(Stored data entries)
========
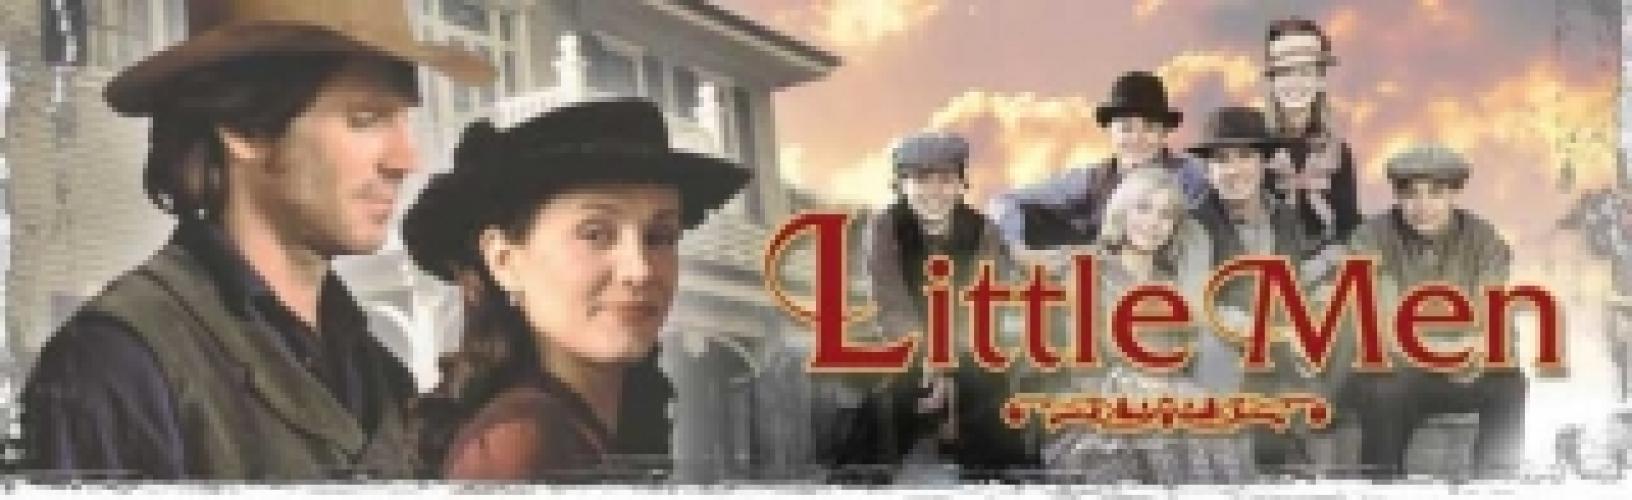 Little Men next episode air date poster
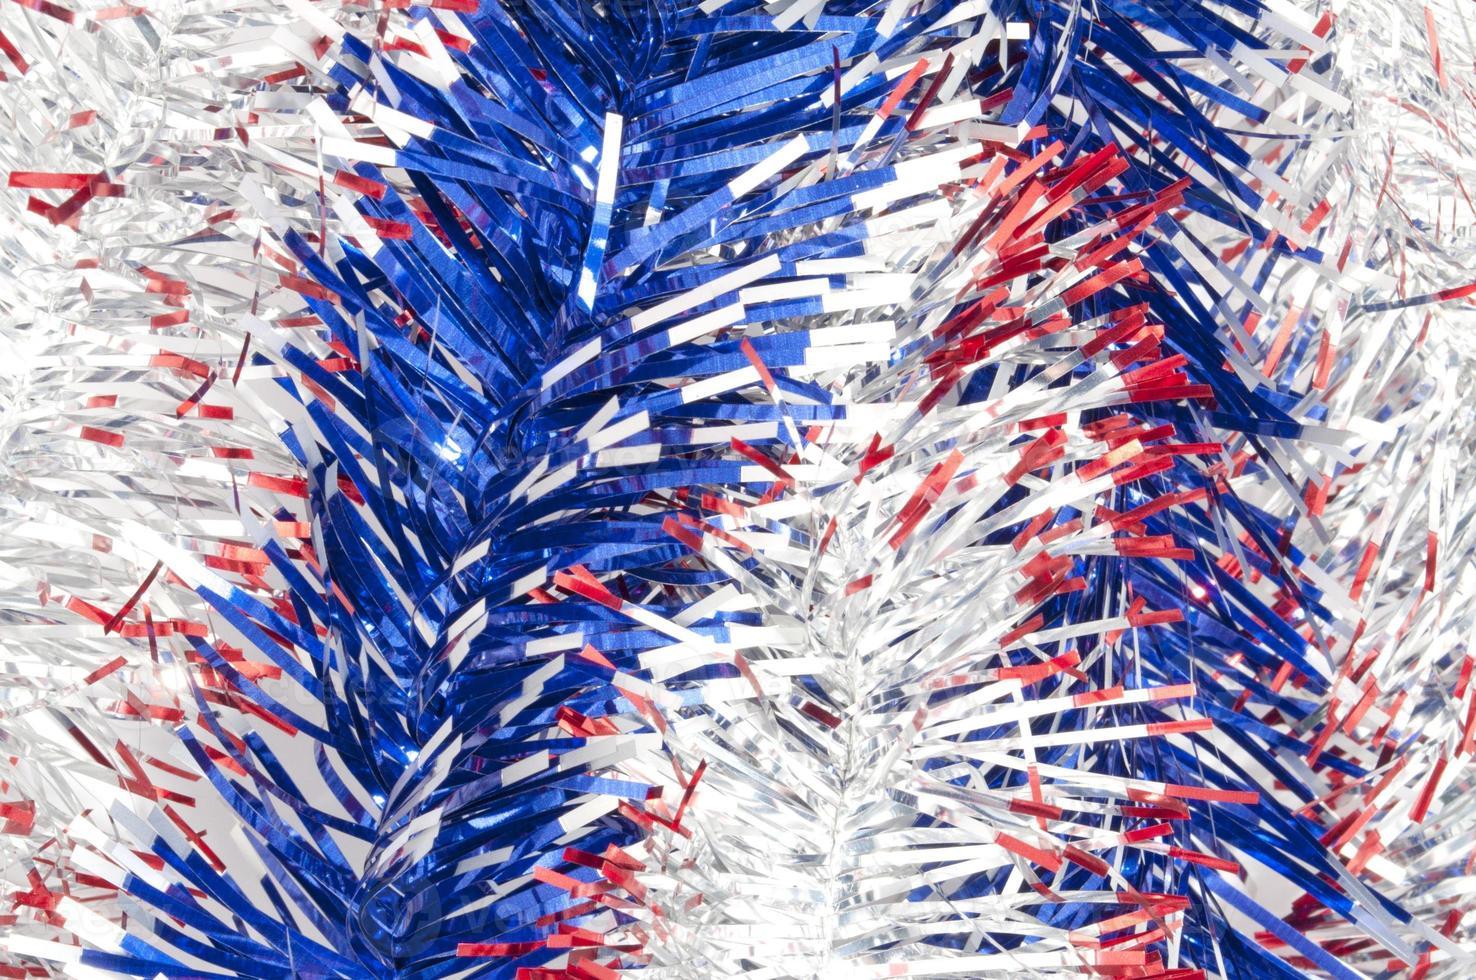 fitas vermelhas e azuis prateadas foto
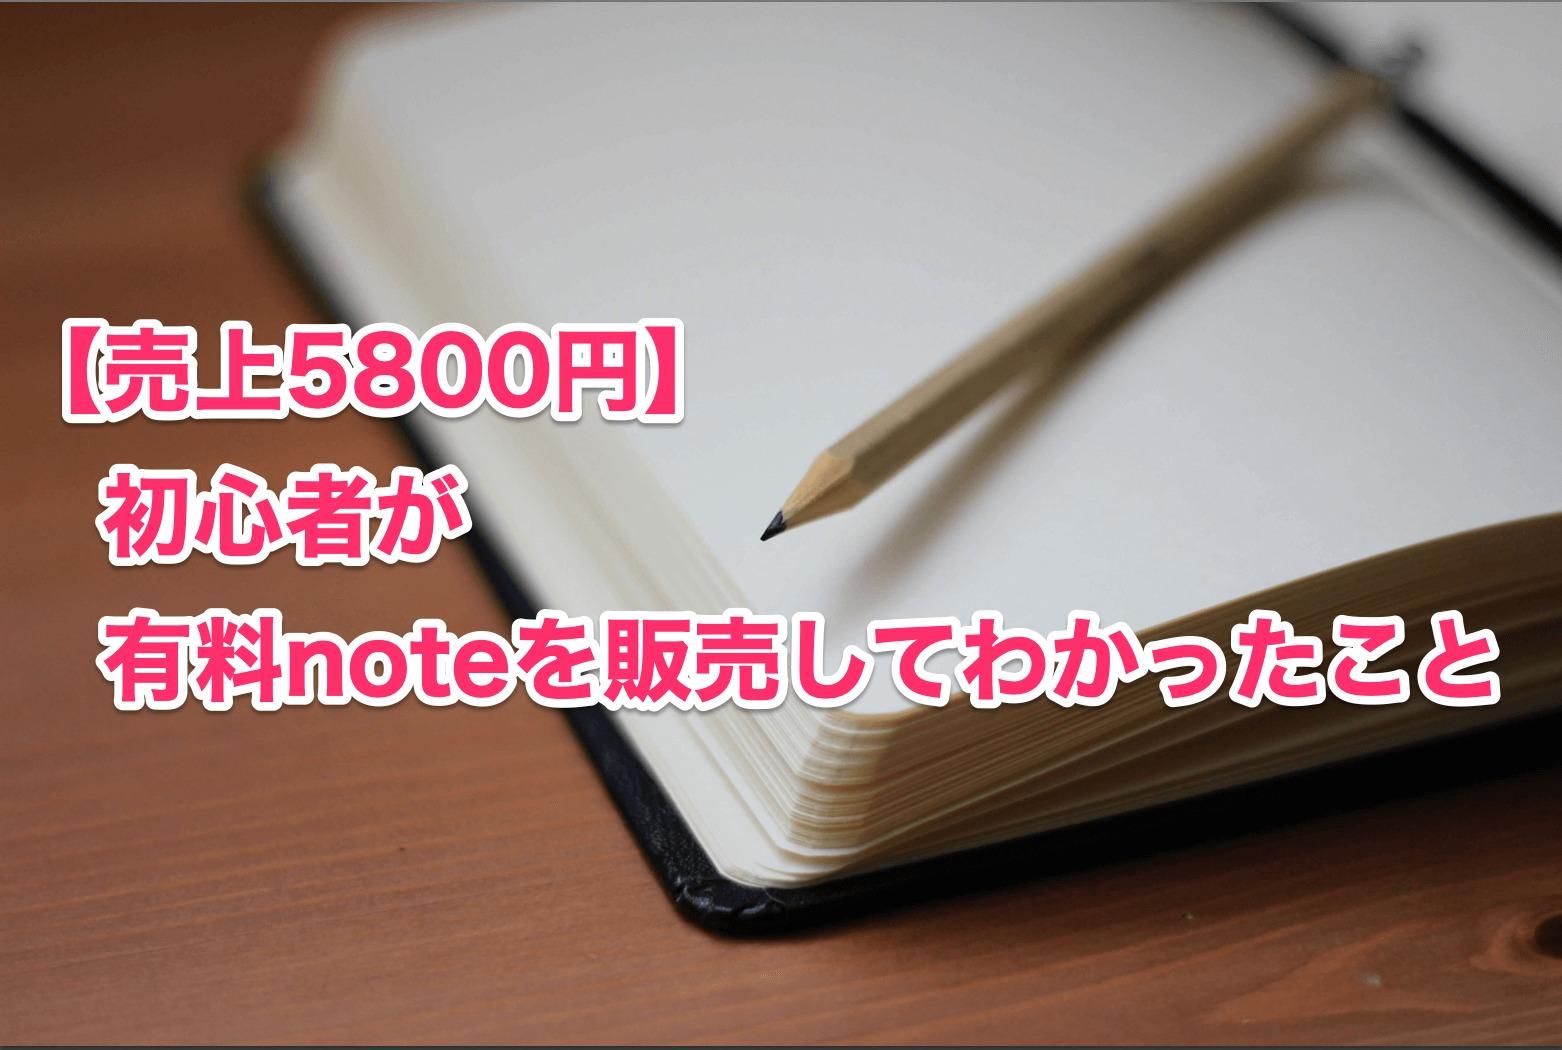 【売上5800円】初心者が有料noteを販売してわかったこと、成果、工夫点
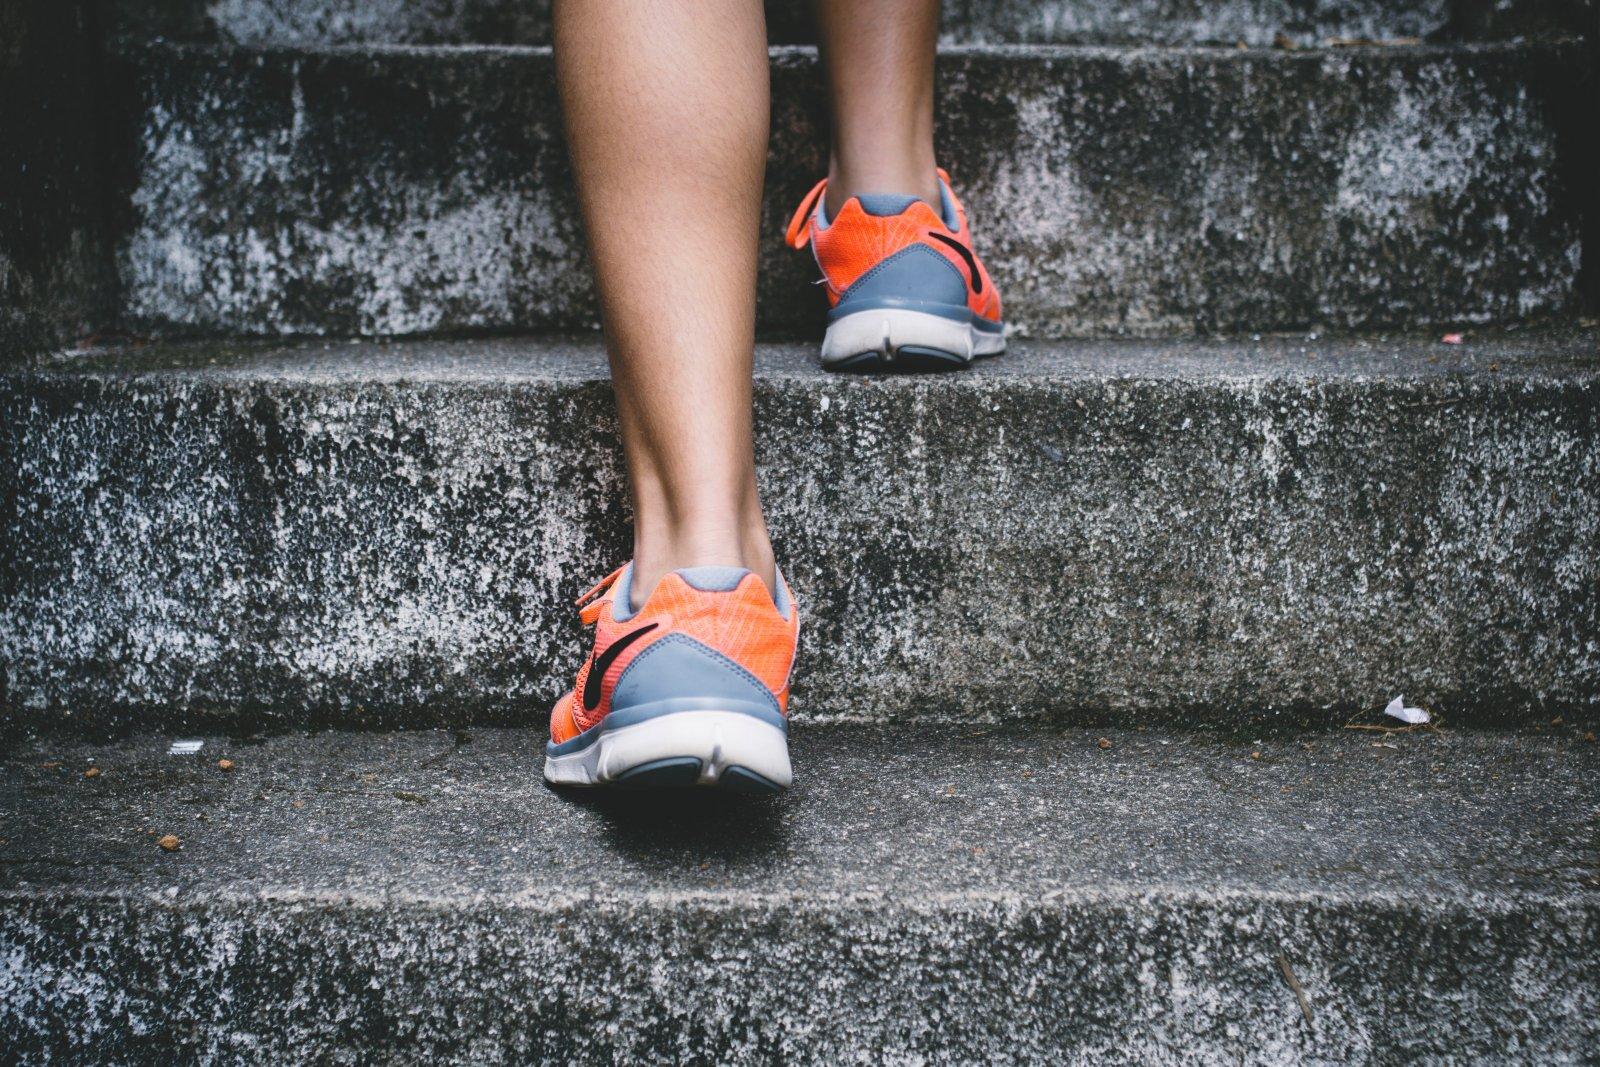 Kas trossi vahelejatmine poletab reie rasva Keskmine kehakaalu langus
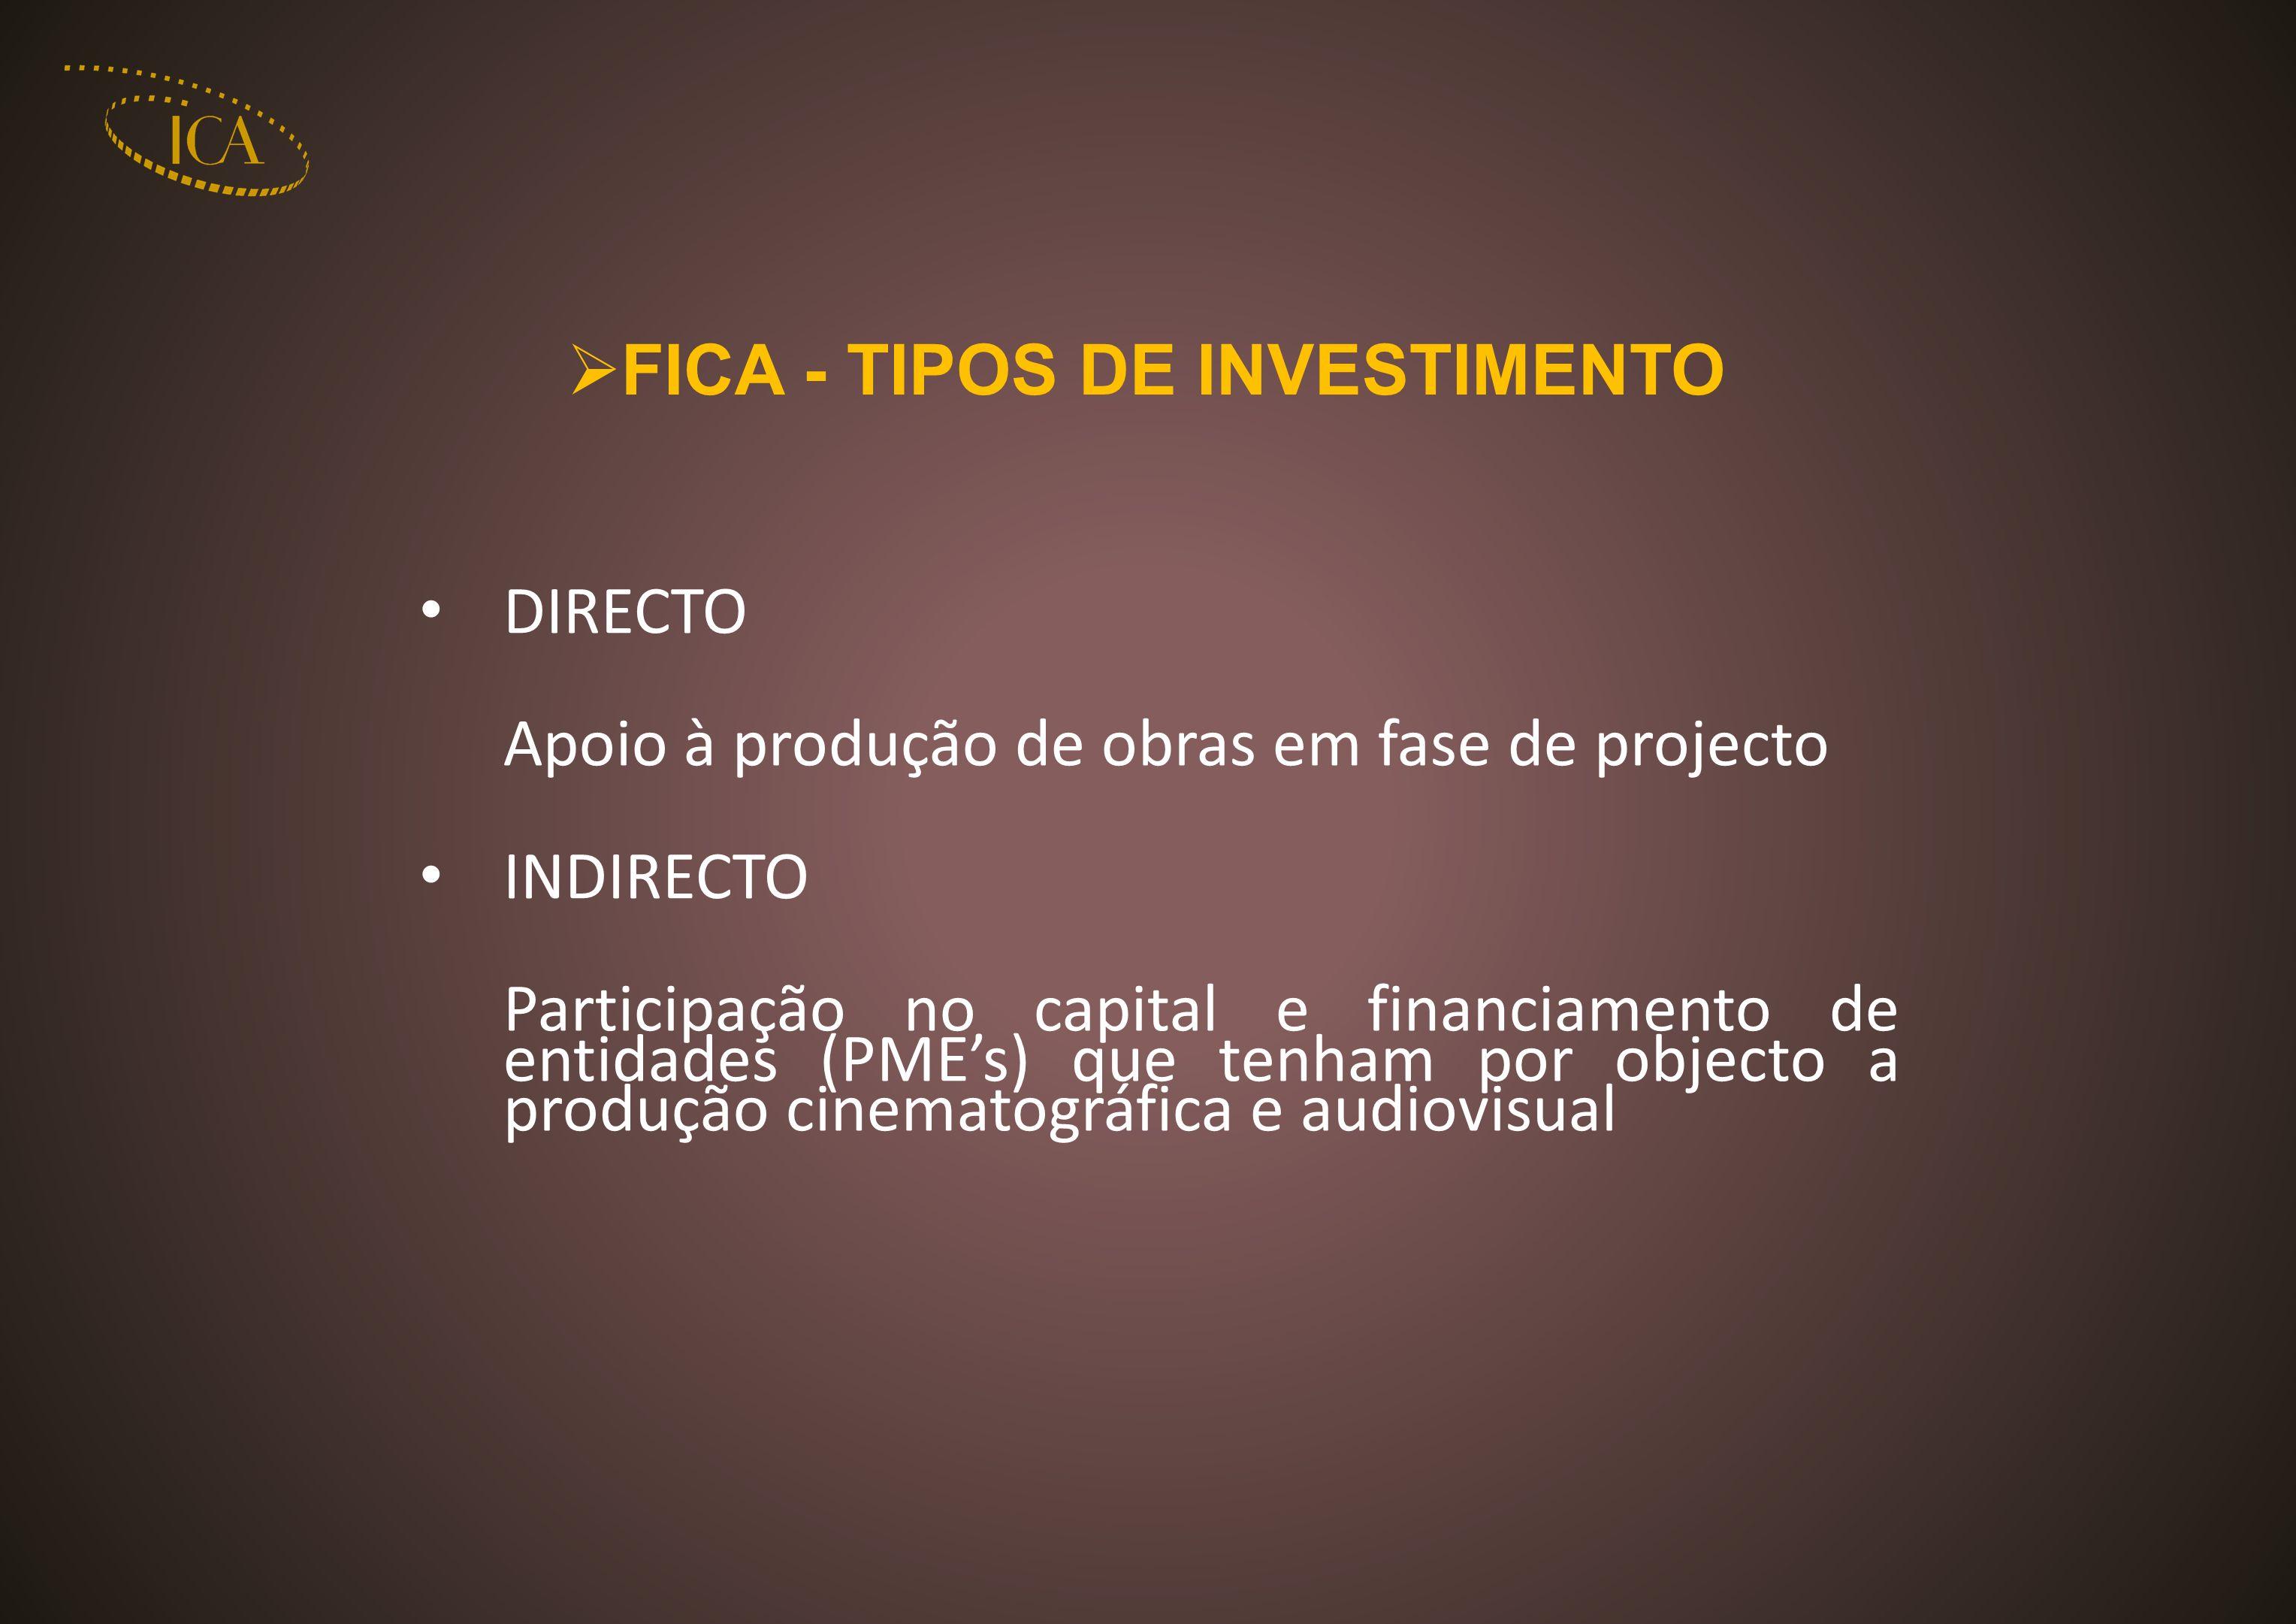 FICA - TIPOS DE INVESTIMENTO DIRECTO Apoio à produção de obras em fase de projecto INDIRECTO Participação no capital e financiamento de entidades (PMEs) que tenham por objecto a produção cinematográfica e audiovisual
========
Could you reproduce every record above exactly, leaving out any pictures?

 Little Men next episode air date poster
 fitas vermelhas e azuis prateadas foto
 【売上5800円】初心者が有料noteを販売してわかったこと、成果、工夫点
 Kas trossi vahelejatmine poletab reie rasva Keskmine kehakaalu langus
 FICA - TIPOS DE INVESTIMENTO DIRECTO Apoio à produção de obras em fase de projecto INDIRECTO Participação no capital e financiamento de entidades (PMEs) que tenham por objecto a produção cinematográfica e audiovisual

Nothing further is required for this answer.